Data Curation
The Data Curation Team (DCT) is focused on large scale aggregation and semantic curation of both raw and computed data fields, and the derivation of data assets including patient registries, complex clinical metrics, and outcome measures. The DCT comprises domain-specific operational units (DSU), consisting of one or more SQL developers focused exclusively on data asset development in a single clinical or operational domain (e.g. – Pulmonary and Critical Care, Cancer Center, Nursing), partnered with a lead clinical or operational subject matter expert, and a domain-specific project manager.
Under the guidance of the lead SME, each DSU within the DCT leverages a committed group of use case-specific SMEs that provide the requisite expertise to guide DSAs in data asset generation. The DCT aggregates and curates a range of data types including structured and unstructured electronic health record data, genomic data, patient-reported data, and external data such as from the UC Health Data Warehouse California Cancer Registry, and California Electronic Death Registry. Both the deliverables and work prioritization of each DSU are determined by DSU SMEs in collaboration with leadership from the sponsoring domain, whereas the methods used to develop, validate, and document each asset are guided by best practices and standard operating procedures set by IT Health Informatics leadership. This partnership ensures that the right work gets done the right way, enabling data assets to be used reliably across UC Davis Health for research, quality and safety, and operational applications. Each DSU works collaboratively with other DSUs to reuse data assets, and members of the DCT work closely with the DAT to enable reusability of data more broadly across UC Davis Health.

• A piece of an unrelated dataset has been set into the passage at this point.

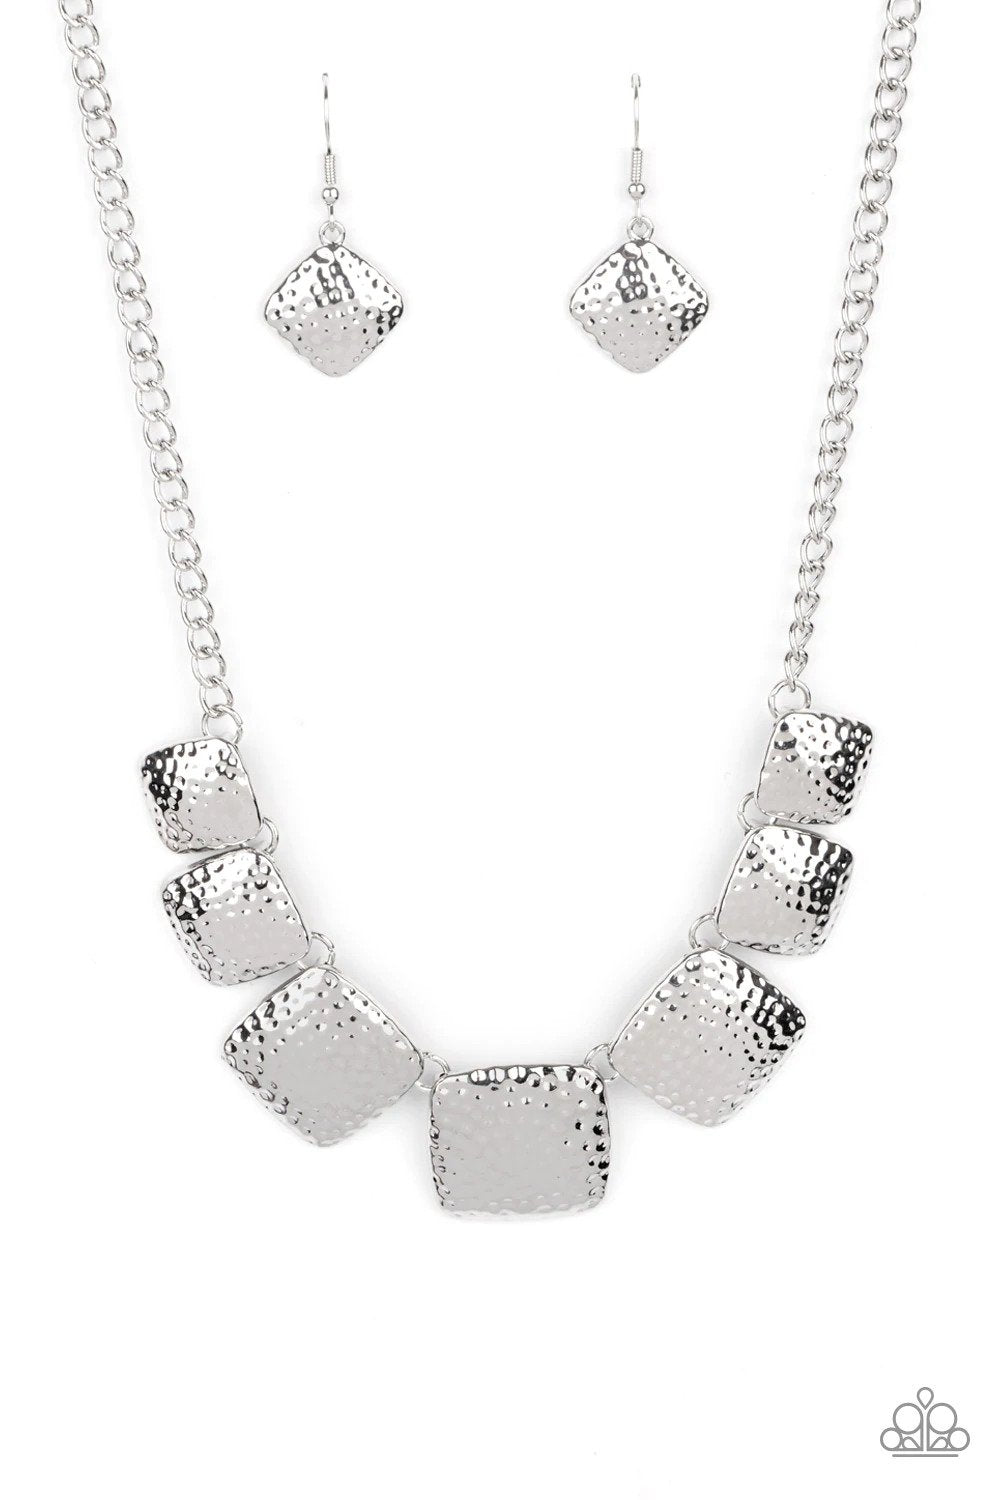 Keeping It RELIC Silver Necklace - Paparazzi Accessories- lightbox - CarasShop.com - $5 Jewelry by Cara Jewels

Roles and responsibilities of core DSU members are as follows:
- The lead SME is responsible for project scoping and prioritization (in collaboration with leadership from the sponsoring domain), providing guidance to DSAs in data asset generation and evaluation, identifying project-specific SMEs, and liaising with intra-domain data requestors. The lead SME is also responsible for serving on the DPC Oversight Committee, which will help to prioritize data requests originating from outside an established DSU.
- The DSA is responsible for the curation of raw and derived data assets, including algorithm development and validation of accuracy. The DSA works with SMEs to define project deliverables (data assets), specify data/concept definitions, and document definitions and performance characteristics. The DSA operates using a data curation playbook based on best practices from business and clinical informatics, developed and managed by DCT leadership developed and managed by DCT leadership.
- The PM ensures timely work prioritization, completion, and evaluation. The PM works closely with domain SMEs and DSAs to define project scope and specific deliverables, promote use of the data curation playbook, develop and enforce timelines, and ensure the adequacy of documentation. The PM works with DCT leadership to ensure efficient access to other DPC resources, to minimize duplication of effort across DSUs, and to promote the reusability of data assets.